X_array = [X[:, i] for i in range(X.shape[1])]
y_cat = keras.utils.to_categorical(y)


# The 8-character model works exactly the same way as the 3-character model, there are just more of the same steps.  Rather than write them all out in code, I converted it to a loop.  Again, this is almost exactly the way an RNN works under the hood.

# In[20]:


def CharLoopModel(vocab_size, n_chars, n_factors, n_hidden):
    embed_layer = Embedding(vocab_size, n_factors)
    reshape_layer = Reshape((n_factors,))
    input_layer = Dense(n_hidden, activation='relu')
    hidden_layer = Dense(n_hidden, activation='tanh')
    output_layer = Dense(vocab_size, activation='softmax')
    
    inputs = []
    for i in range(n_chars):
        inp = Input(shape=(1,))
        inputs.append(inp)
        c = input_layer(reshape_layer(embed_layer(inp)))
        if i == 0:
            h = hidden_layer(c)
        else:
            h = hidden_layer(add([h, c]))

    out = output_layer(h)

    model = Model(inputs=inputs, outputs=out)
    opt = Adam(lr=0.001)
    model.compile(loss='categorical_crossentropy', optimizer=opt)

    return model


# Train the model a bit and generate some predictions.

# In[21]:


model = CharLoopModel(vocab_size, cs, n_factors, n_hidden)
history = model.fit(x=X_array, y=y_cat, batch_size=512, epochs=5, verbose=1)


# In[22]:


get_next_char(model, 'for thos')


# In[23]:


get_next_char(model, 'queens a')


# Now we're ready to replace the loop with a real recurrent layer.  The first thing to notice is that we no longer need to create separate inputs for each step in the sequence - recurrent layers in Keras are designed to accept 3-dimensional arrays where the 2nd dimension is the number of timesteps.  We just need to add an extra dimension to the input shape with the number of characters.
# 
# The second wrinkle is the use of the "TimeDistributed" class on the embedding layer.  Just as with the input, this is another more convenient way of doing what we were already doing by defining and re-using layers.  Wrapping a layer with "TimeDistributed" basically says "apply this to every timestep in the array".  Like the RNN, it expects (and returns) a 3-dimensional array.  The reshape operation is the same story, we just add another dimension to it.  The RNN layer itself is very straightforward.

# In[24]:


from keras.layers import TimeDistributed, SimpleRNN

def CharRnn(vocab_size, n_chars, n_factors, n_hidden):
    i = Input(shape=(n_chars, 1))
    x = TimeDistributed(Embedding(vocab_size, n_factors))(i)
    x = Reshape((n_chars, n_factors))(x)
    x = SimpleRNN(n_hidden, activation='tanh')(x)
    x = Dense(vocab_size, activation='softmax')(x)
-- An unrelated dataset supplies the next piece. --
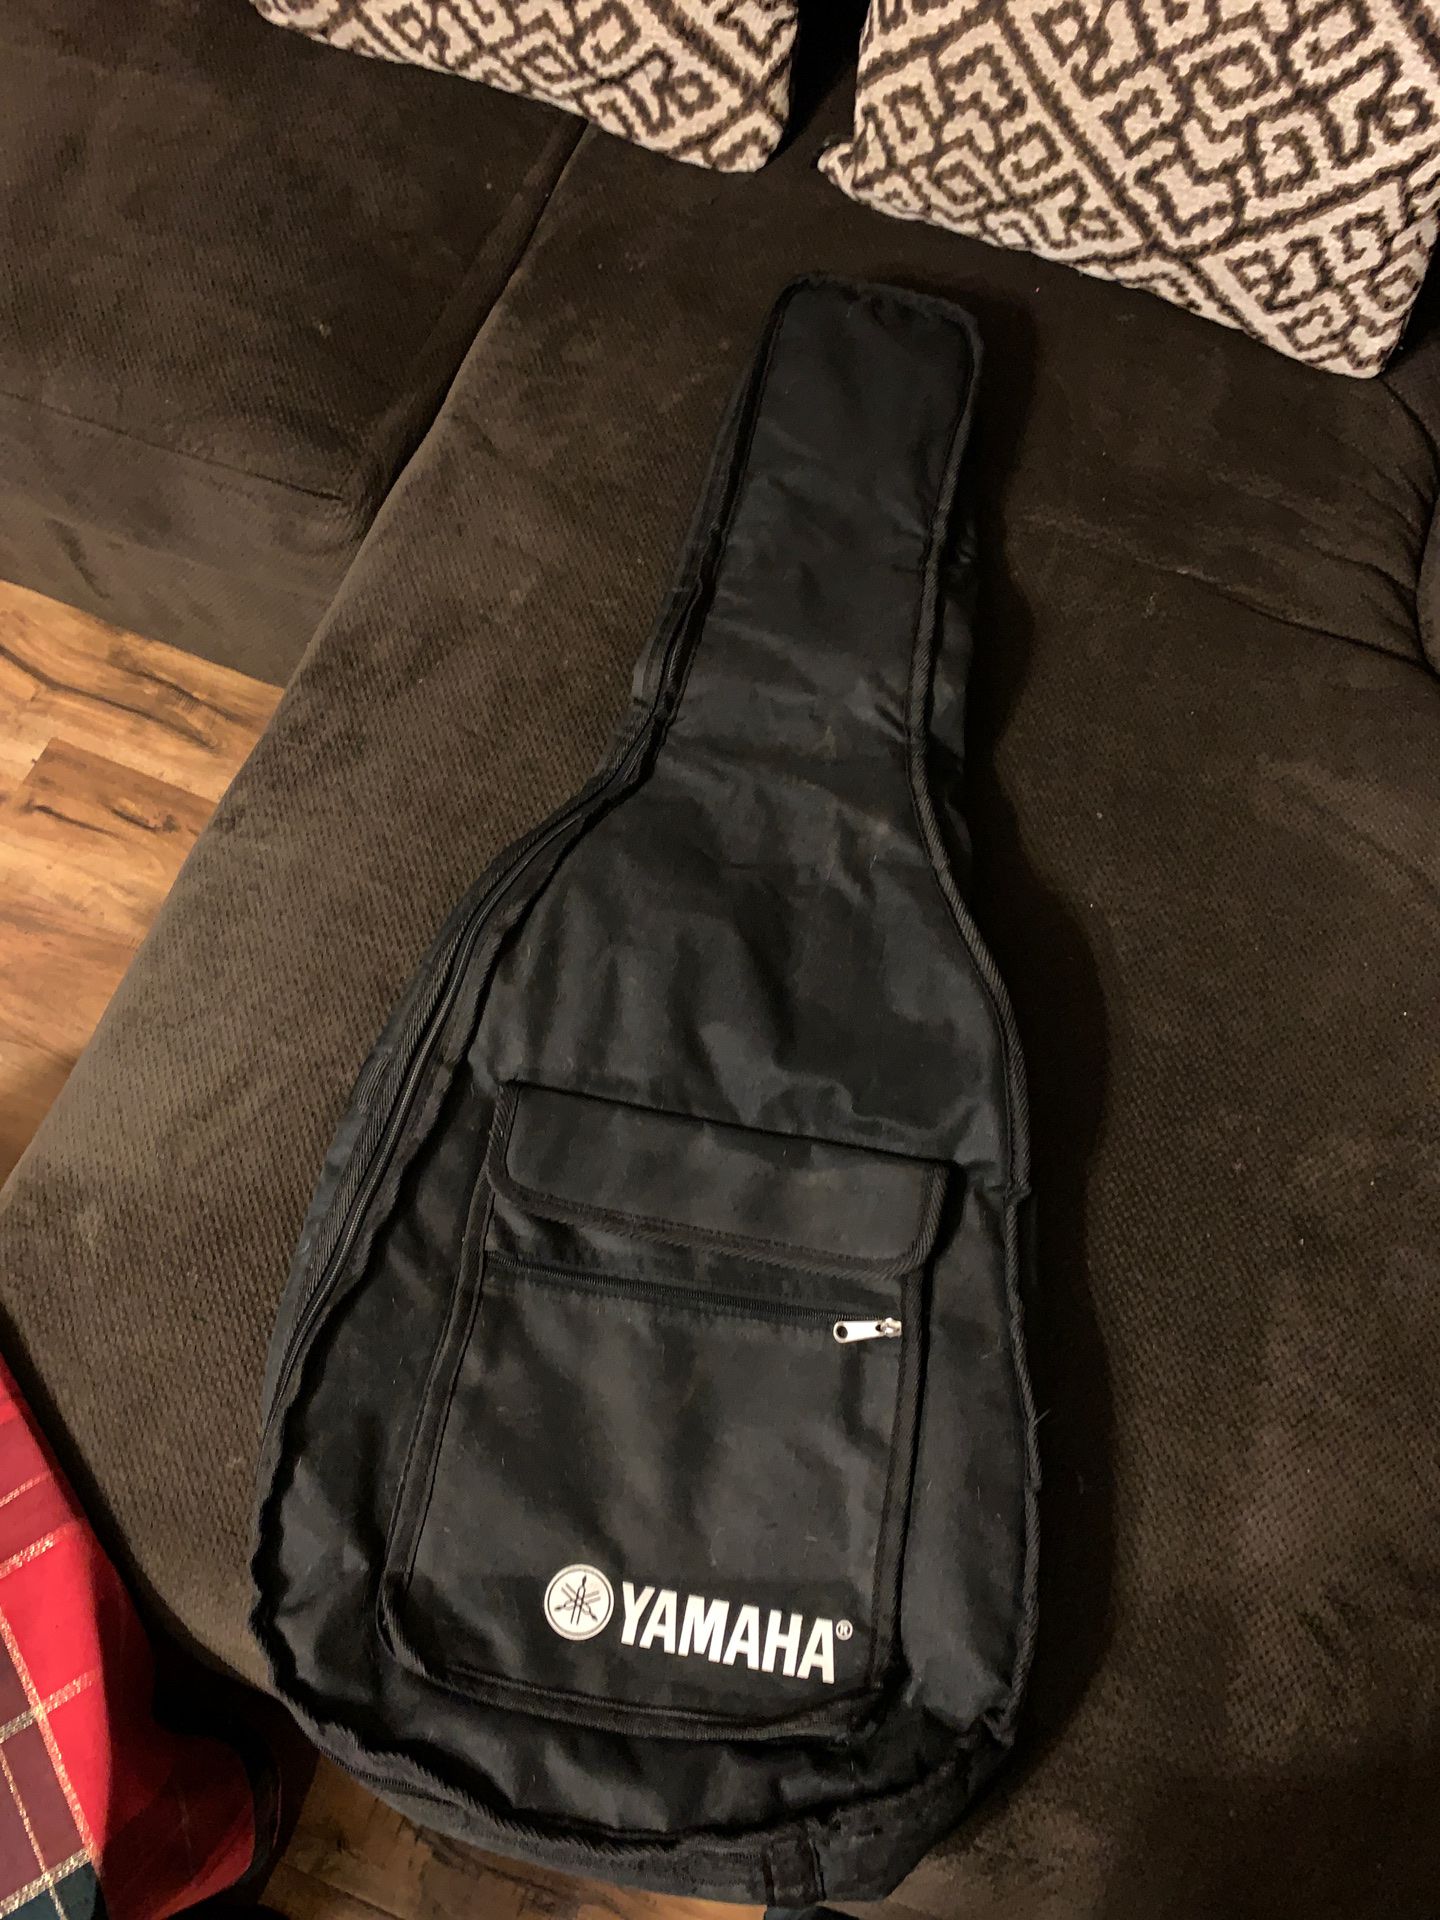 Yamaha guitar bag
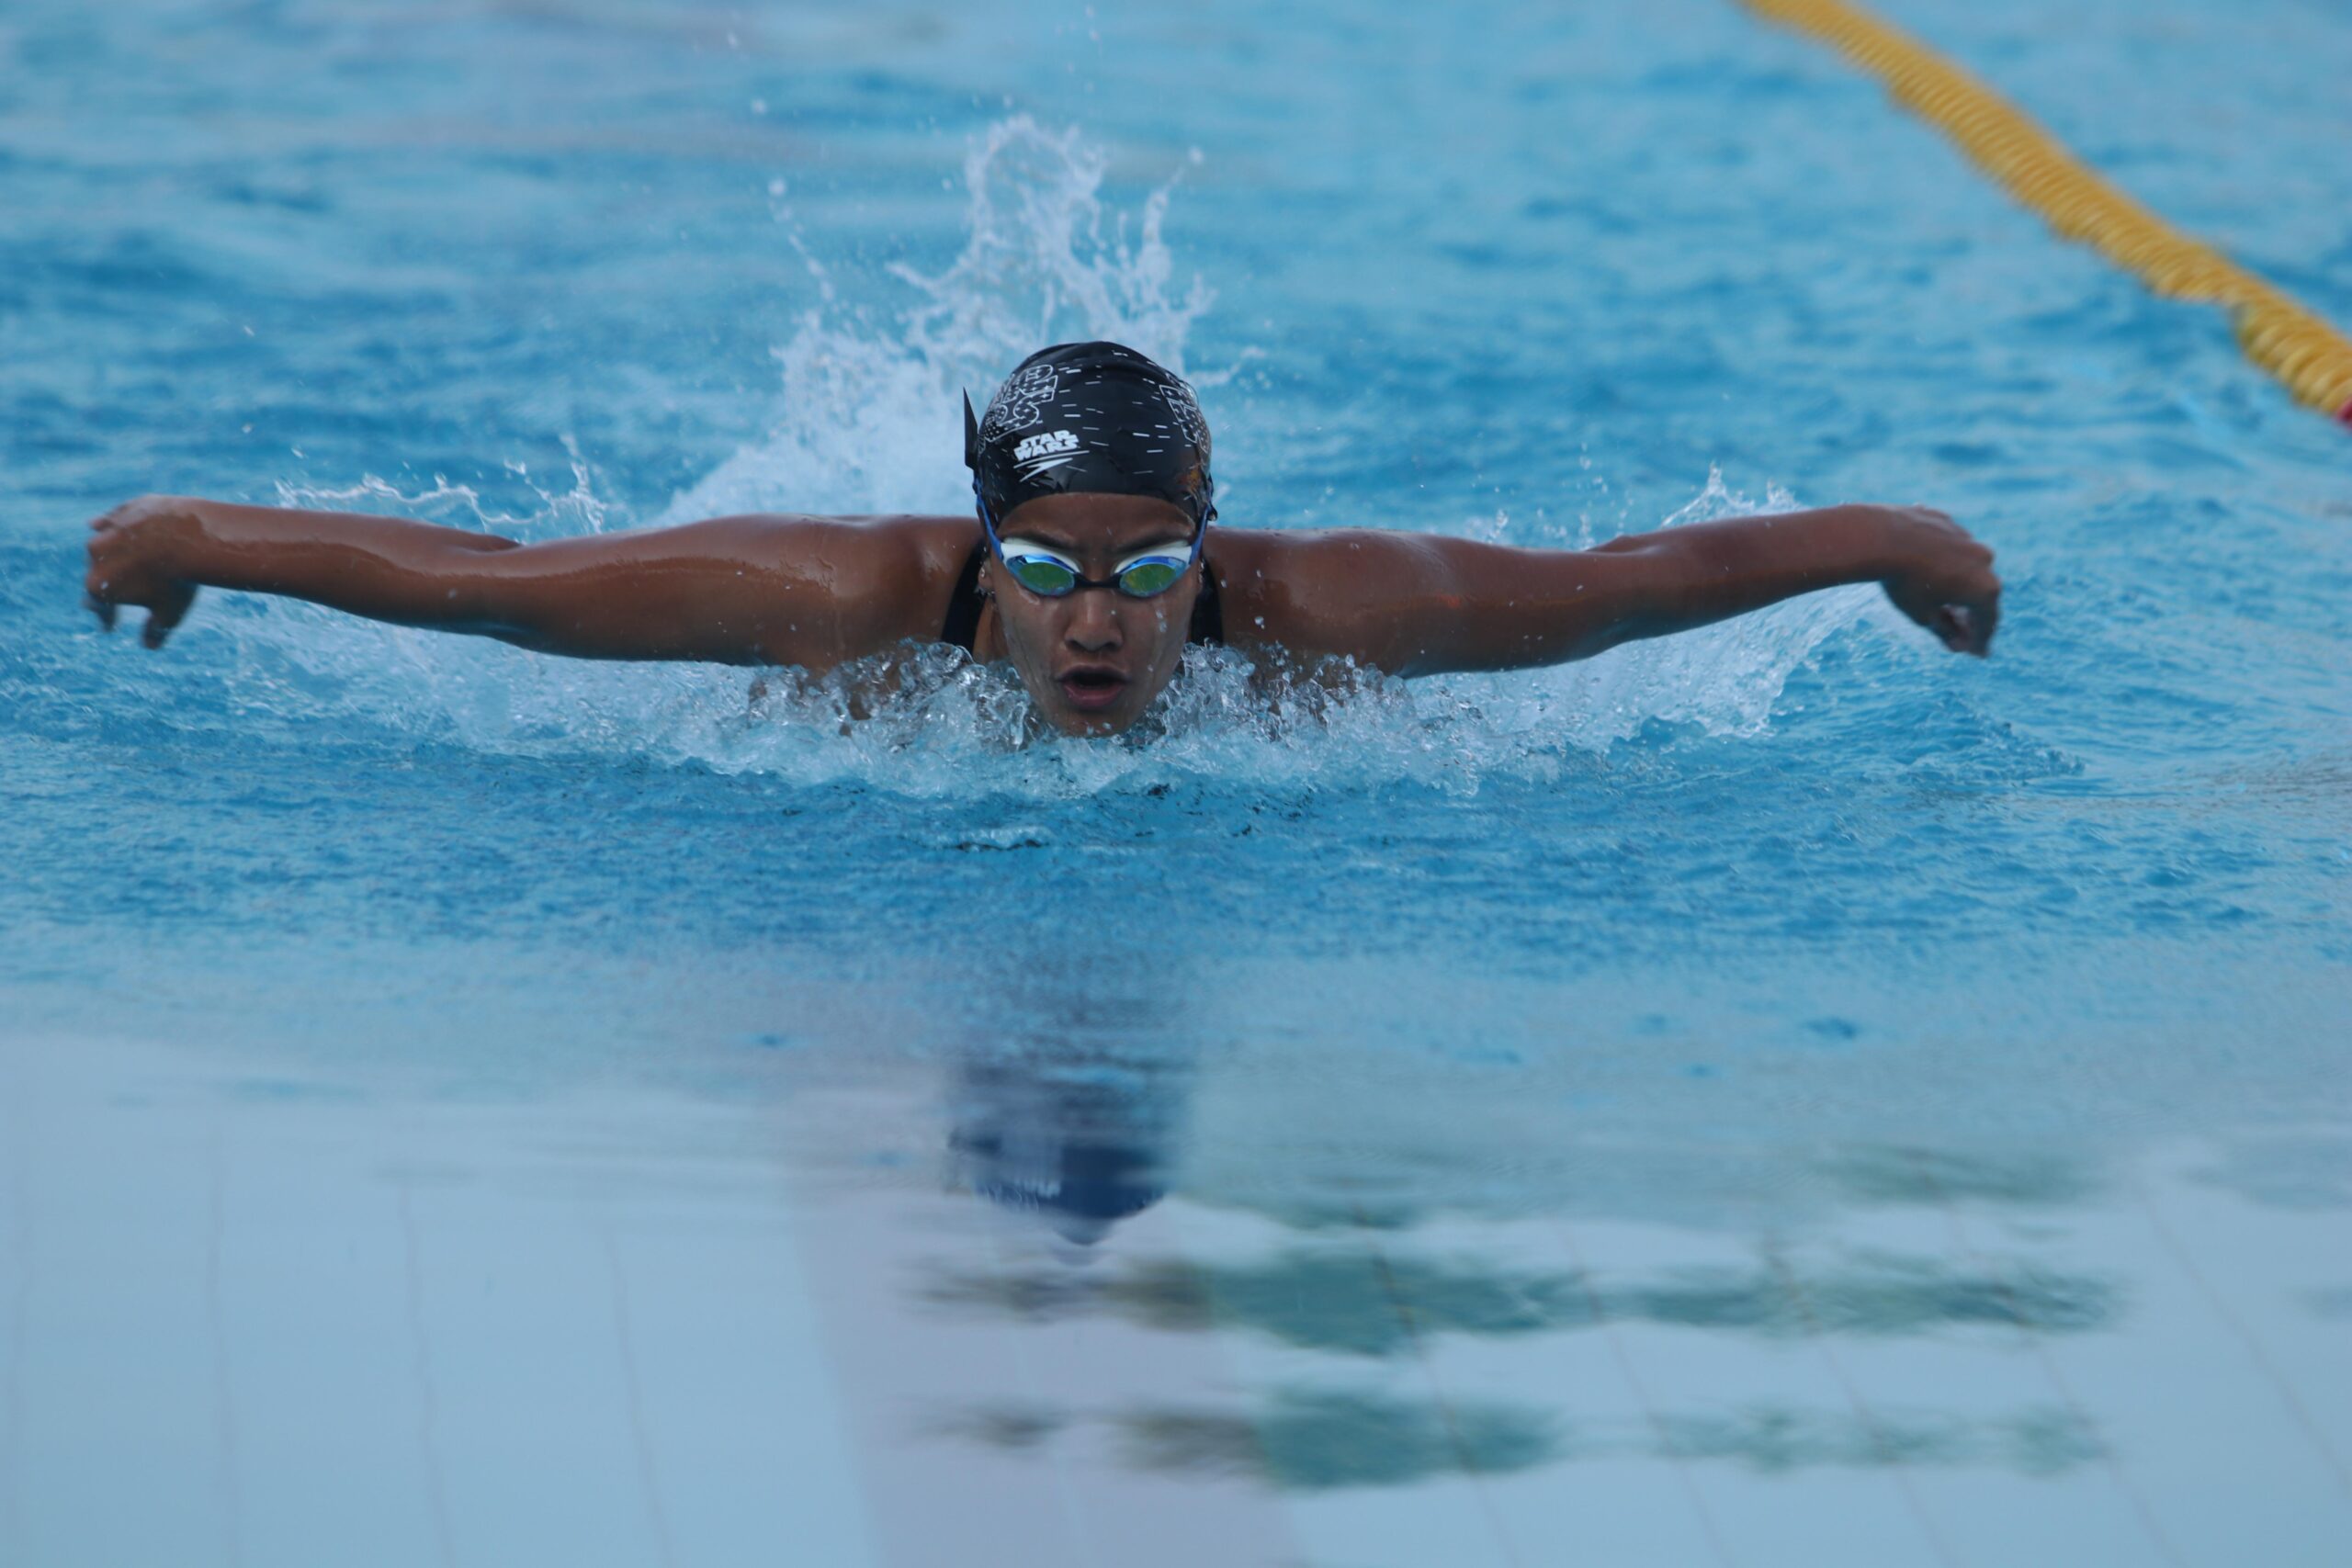 અમદાવાદની સ્વિમર માના પટેલ ટોક્યો ઓલિમ્પિક માટે ક્વોલિફાય કરનારી પ્રથમ ભારતીય મહિલા

    model = Model(inputs=i, outputs=x)
    opt = Adam(lr=0.001)
    model.compile(loss='categorical_crossentropy', optimizer=opt)

    return model


# Let's look at a summary of the model.  Notice the array shapes have a third dimension to them until we get on the other side of the RNN.

# In[25]:


model = CharRnn(vocab_size, cs, n_factors, n_hidden)
model.summary()


# Reshape the input to match the 3-dimensional input format of (rows, timesteps, features).  Since we only have one feature, the last dimension is trivially set to one.

# In[26]:


X = X.reshape((X.shape[0], cs, 1))
X.shape


# Train the model for a bit.  Notice that the loss looks almost identical to the last model!  All we really did is shuffle things around to take advantage of some built-in classes that Keras provides.  The model structure and performance should look no different than before.

# In[27]:


history = model.fit(x=X, y=y_cat, batch_size=512, epochs=5, verbose=1)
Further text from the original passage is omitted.